As we have often mentioned, Wall Street is forward-looking, this explains why we see the market rebound significantly as soon as shutdown measures are lifted.

The U.S. and Puerto Rico economies have a long way from reaching the pre-coronavirus gross domestic product levels. The nature of the stock rally is the contemplation of continued economic recovery and rising corporate profits during the remainder of the year and the next year.

Results for the week ending Aug. 14:

  • The Dow Jones Industrial Average closed at 27,931.02, up 34.3 points, or 0.12%.
  • The Standard & Poor's 500 Index closed at 3,372.85, down 0.58 points, or 0.02%.
  • The NASDAQ Composite Index closed at 11,019.30, down 23.2 points, or 0.21%.
  • The Birling Capital Puerto Rico Stock Index closed at 1,501.15, up 17.6 points, or 1.16%.
  • The US Treasury 10-year note closed flat, at 0.71%.
  • The U.S. Treasury 2-year note closed lower, at 0.14%.

The Final Word: Fear Moves Markets and Pandemics

My grandfather used to say there is nothing more nervous than a $ 100 bill; it is a metaphor of how making or losing money makes people fearful. The role psychology plays on investors' decisions is often greatly underestimated by many, which can cause significant ups and downs in the investments they hold.

As we continue to experience market volatility, we also encounter the oscillation of emotion and psychology.

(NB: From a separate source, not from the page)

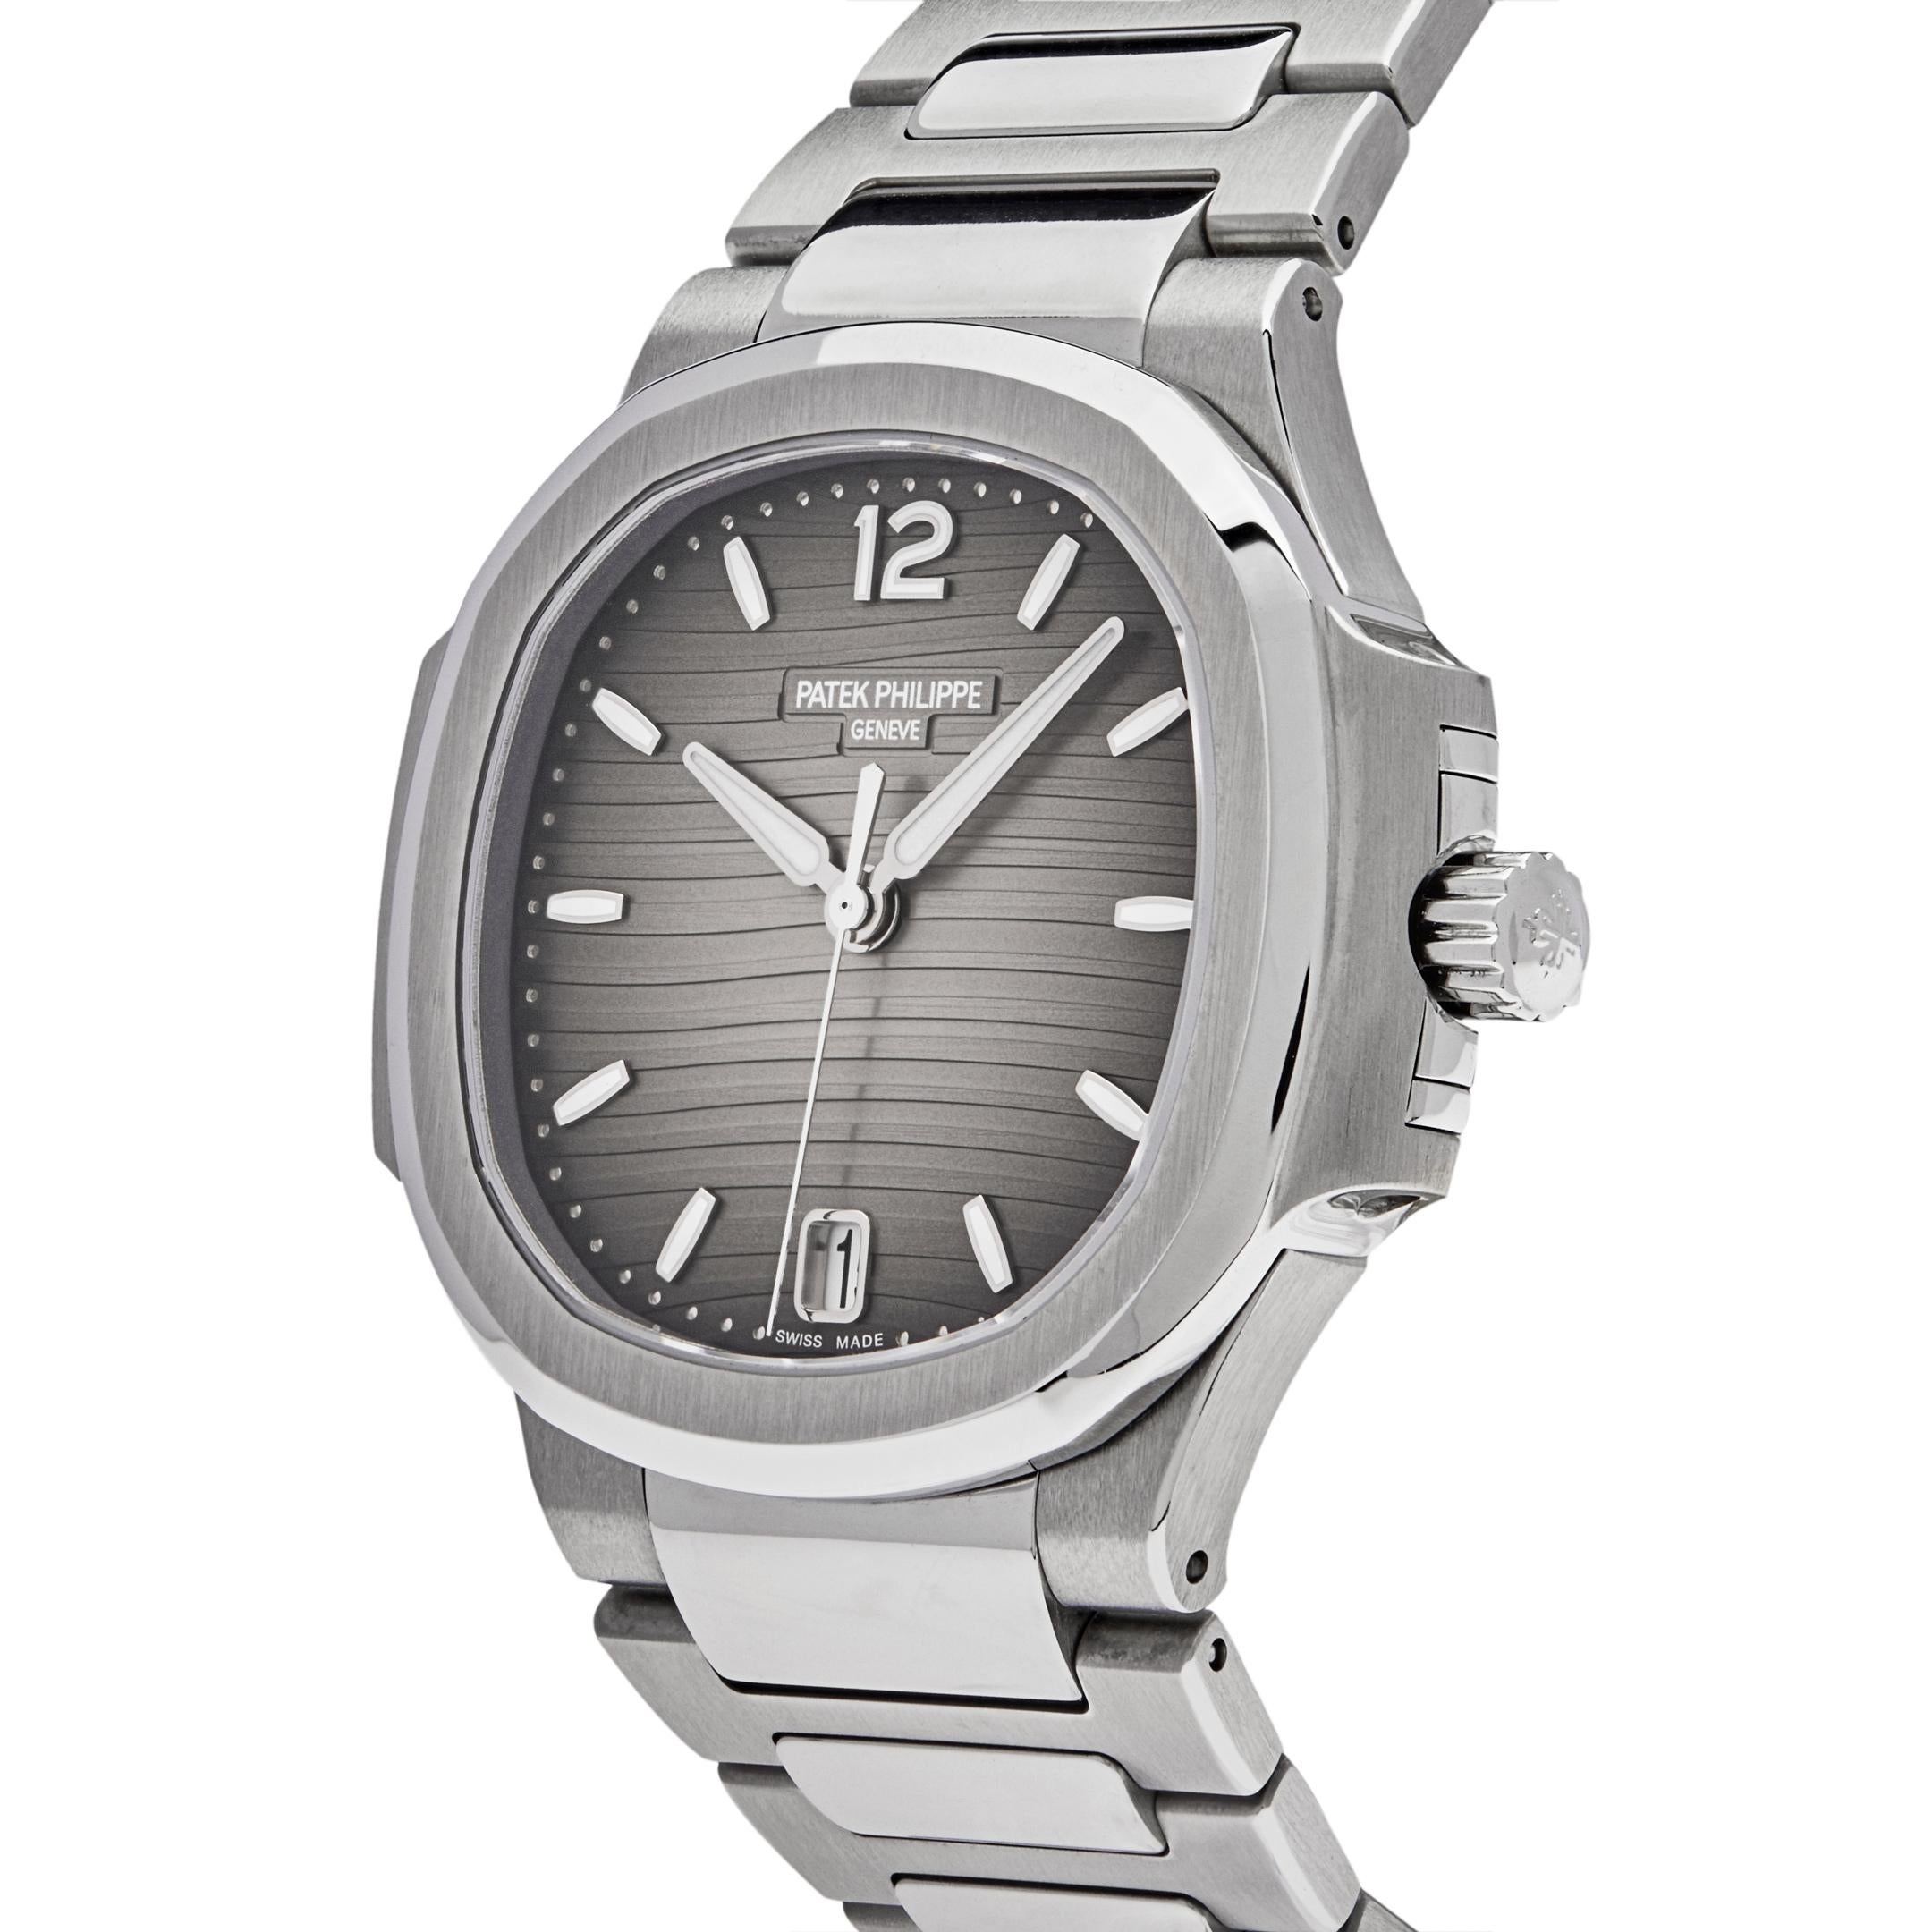 The Patek Philippe Ladies Nautilus features a round stainless steel bezel and 35mm stainless steel case. In the center, lays a smoke grey dial with gold applied numerals and hour markers. It comes on a stainless steel bracelet with a fold-over clasp

They are the biggest influencers of economic and corporate profit cycles. It is human nature. When we feel good about our prospects and the fundamentals of the markets, most investors get greedy and focus on making money. Their greed and hubris cause markets to rise, and most asset classes to increase in value. However, as soon as uncertainty or negativity dominates the markets, fear takes over, as does thinking to preserve holdings, hence less buying. The best advice we can provide investors is to resist external influences, remain emotionally balanced, act rationally, and weigh both negative and positive events.

According to the World Health Organization, there are more than 21.3 million confirmed cases of coronavirus and close to 770,000 deaths. However, I want to focus on the recent rise in cases in Puerto Rico. We examined the growth rate of the coronavirus from July 15 to Aug. 15. We noted the following on July 15, Puerto Rico had 10,379 confirmed cases with 171 deaths, On Aug. 15 the number rose to 25,695 cases and 379 deaths, this is a case increase in 30 days of 147.5% in cases and 92.4% in overall mortality. The increase in infections and deaths is caused by irresponsible human behavior. We note that contrary to other jurisdictions, people who are 20 to 30 years old are the bulk of the infections.

I have said it before, and I will repeat it, the insensible sense of privilege with which some people behave themselves will cause thousands of infections and deaths.